Further, AID 200 includes or is otherwise connected to one or more MALLs 230. In implementations, AID 200 is configured to communicatively couple one or more processor cores of one or more compute dies 128, one or more compute units of one or more compute dies 128, or both to a corresponding MALL of MALLs 230. Each MALL 230, for example, is configured to store data used in the execution of one or more operations by one or more compute units of a compute die 128 (e.g., operands, constants, variables, register files), data resulting from the execution of one or more operations by one or more compute units of a compute die 128, or both. According to embodiments, AID 200 also includes I/O circuitry 246 included in or otherwise coupled to scalable data fabric 126. I/O circuitry 246, for example, is communicatively coupled to each compute die 128 and is configured to handle input or output operations associated with the compute dies 128 on the AID 200. As an example, in some implementations, I/O circuitry 246 handles input operations to one or more compute dies 128 of AID 200 received from one or more compute dies 128 of another AU 114 via interconnection circuitry 242. As another example, I/O circuitry 246 handles output operations from one or more compute dies 128 of AID 200 transmitted to one or more compute dies 128 of another AU 114 via interconnection circuitry 242. As yet another example, I/O circuitry 246 is configured to handle input and output operations between AID 200 and one or more other components of processing system 100 via bus 132.
Additionally, AID 200 includes memory management circuitry 240 and address translation circuitry 244 each included in or otherwise connected to scalable data fabric 126. Memory management circuitry 240, for example, is communicatively coupled to each compute die 128 and is configured to handle direct memory access (DMA) requests, memory-mapped input-output (MMIO) requests, or both between each compute die 128 and memory 106, between a first compute die 128 and one or more other compute dies 128, one or more compute dies 128 and one or more AUs 114, or any combination thereof. For example, memory management circuitry 240 includes one or more input/output memory management units (IOMMUs), translation look-aside buffers (TLBs), or both configured to handle DMA requests, MMIO requests, or both between each compute die 128 and memory 106, between a first compute die 128 and one or more other compute dies 128, one or more compute dies 128 and one or more AUs 114, or any combination thereof. Address translation circuitry 244, for example, is communicatively coupled to each compute die 128 and is configured to provide address translation for memory access requests (e.g., DMA requests, MMIO requests) between each compute die 128 and memory 106, between a first compute die 128 and one or more other compute dies 128, one or more compute dies 128 and one or more AUs 114, or any combination thereof. For example, in some implementations, address translation circuitry 244 includes or otherwise has access to a set of page tables that include data (e.g., page table entries) mapping one or more virtual addresses (e.g., guest virtual addresses) to one or more other virtual address (e.g., guest virtual addresses, host virtual addresses), one or more physical addresses (e.g., system physical addresses, host physical address, guest physical address), or both. Further, address translation circuitry 244 is configured to perform one or more table walks through the set of page tables so as to translate one or more virtual addresses indicated in a memory access request to one or more other virtual addresses, one or more physical addresses, or both.
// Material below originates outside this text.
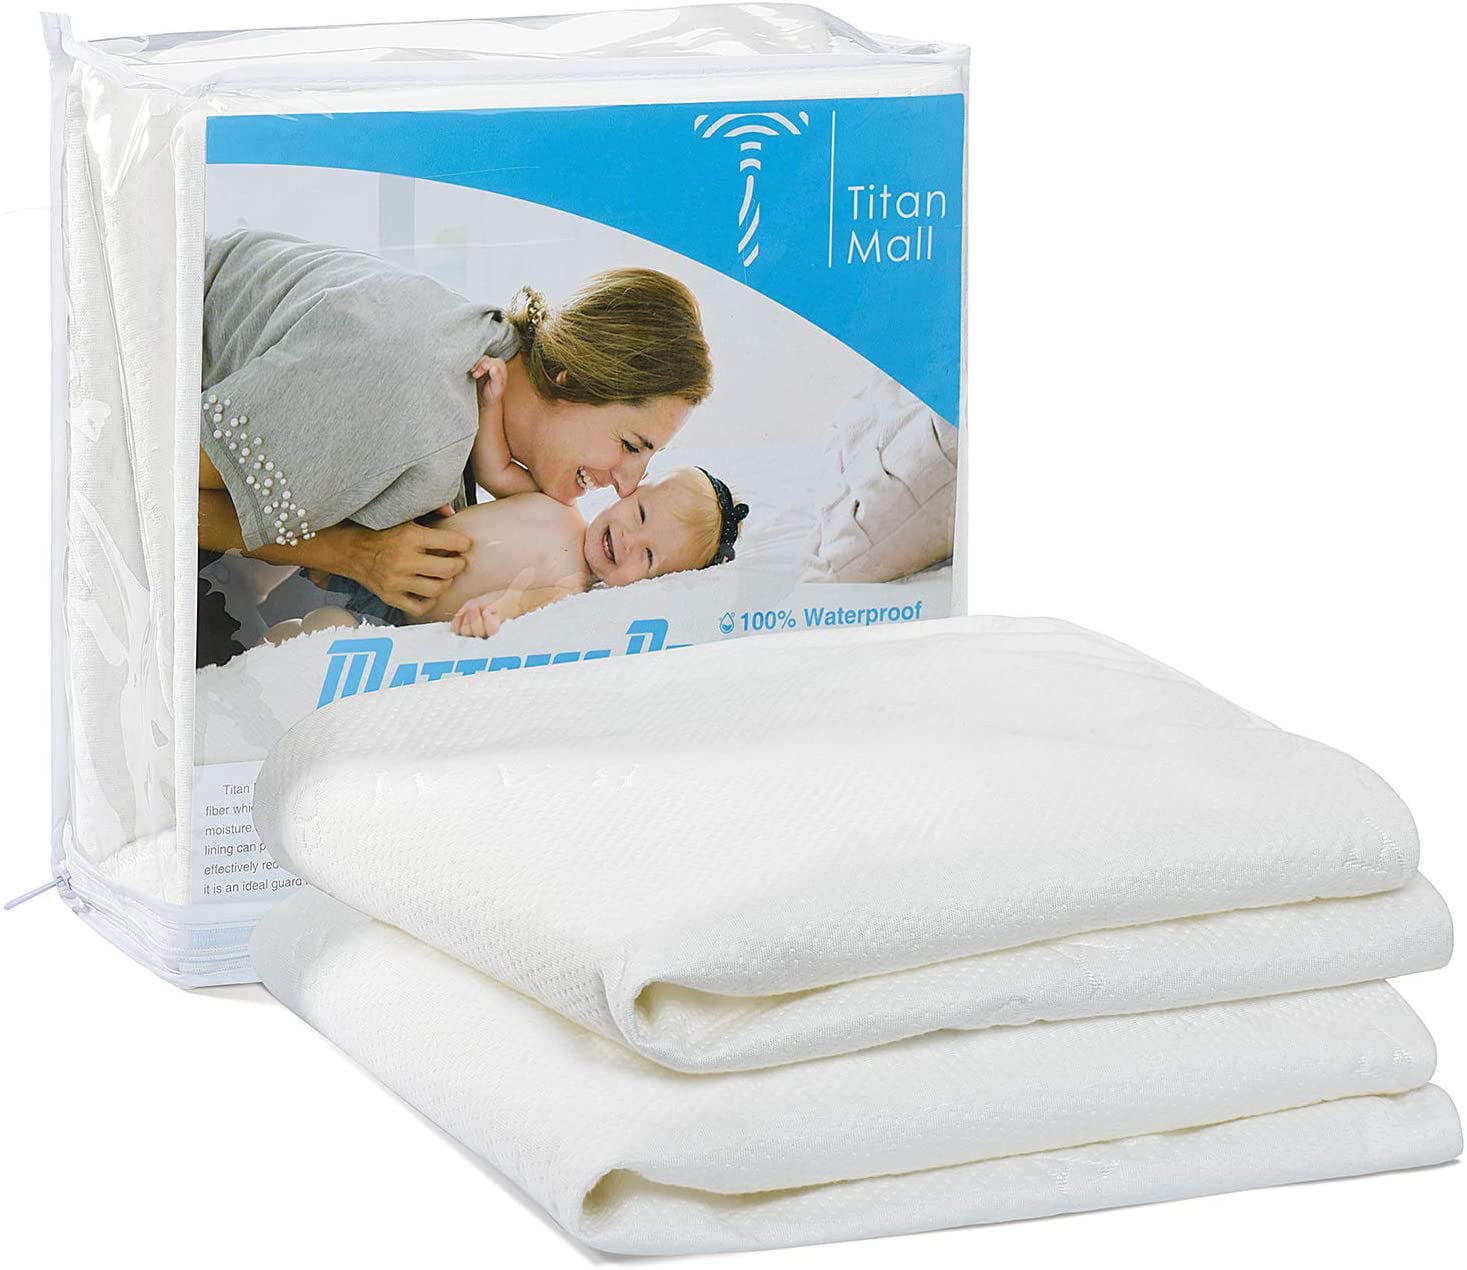 Breathable waterproof mattress protector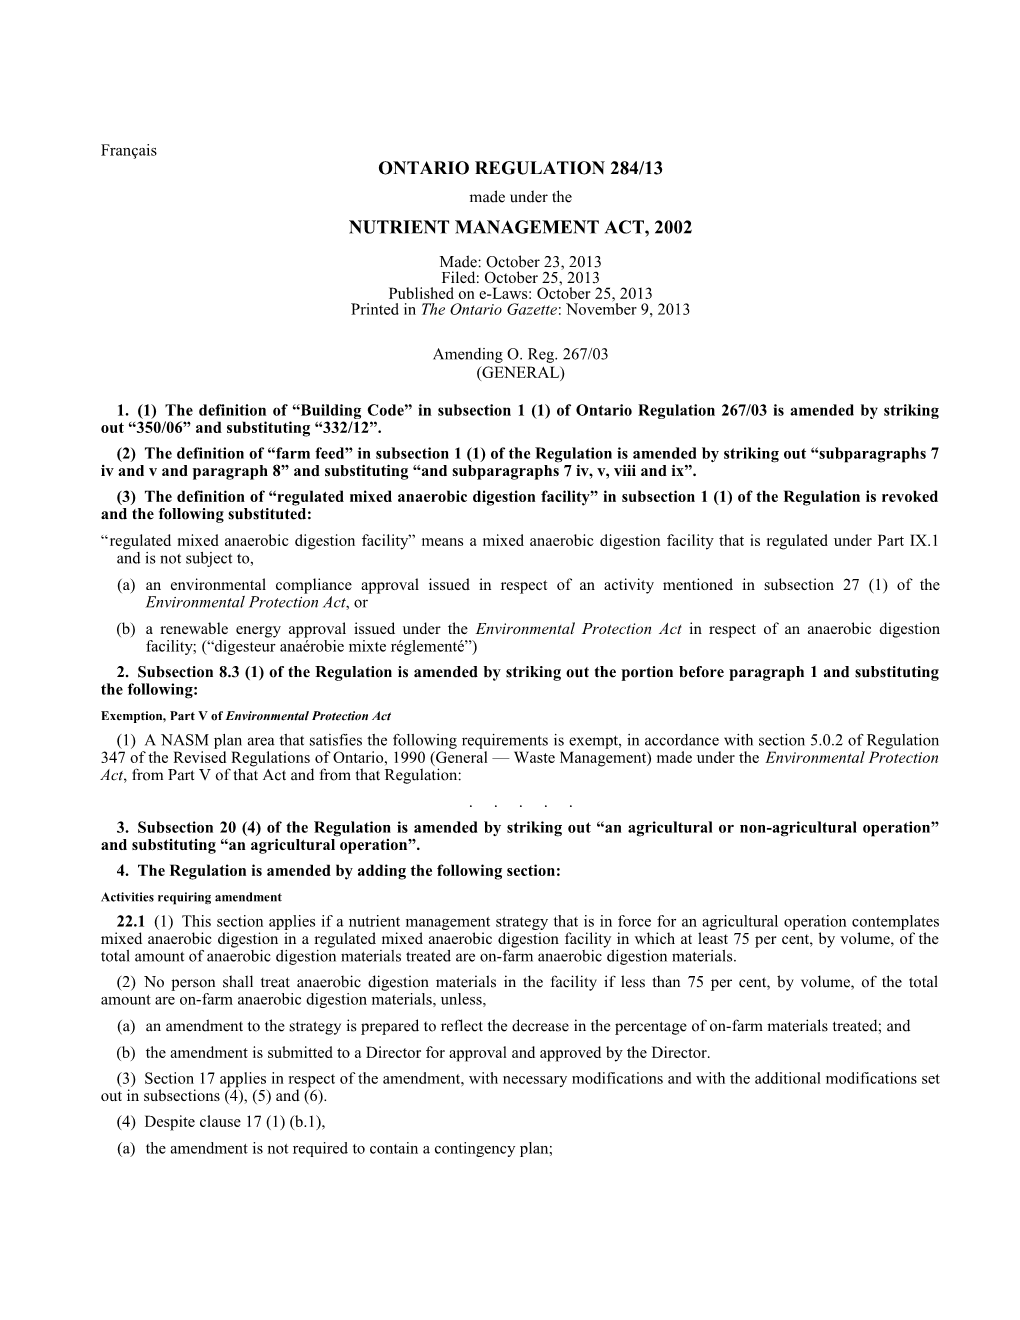 NUTRIENT MANAGEMENT ACT, 2002 - O. Reg. 284/13

According to some implementations, AID 200 is configured to concurrently support two or more types of compute dies 128 (e.g., CCDs, ADs). To this end, AID 200 includes a respective set of circuitry to support each type of compute die 128 supported by AID 200. In some implementations, to support a first type of compute die 128 (e.g., CCD), scalable data fabric 126 includes a first set of circuitry that includes cache coherency circuitry 234, memory management circuitry, address translation circuitry 244, and I/O circuitry 246. For example, to support a first type of compute die 128, scalable data fabric 126 is configured to communicatively couple the processor cores of a first type of compute die 128 to cache coherency circuitry 234, memory management circuitry, address translation circuitry 244, and I/O circuitry 246. Cache coherency circuitry 234, for example, is configured to maintain coherency between the caches one or more compute dies 128 (e.g., CCDs), the caches one or more compute dies 128 and the caches one or more CPUs 102, or both. As an example, cache coherency circuitry 234 is configured to store and monitor one or more shadow tags in the caches (e.g., in the cache lines) of one or more compute dies 128, one or more CPUs 102, or both to maintain coherency between the caches of one or more compute dies 128, the caches one or more compute dies 128 and the caches one or more CPUs 102, or both. In some implementations, scalable data fabric 126 includes two instances of cache coherency circuitry 234 for each CCD supported by the AID 200. That is to say, scalable data fabric 126 includes two instances of cache coherency circuitry 234 for every CCD of a number of CCDs concurrently supported by the AID 200 (e.g., the number of CCDs that are able to be on AID 200 concurrently).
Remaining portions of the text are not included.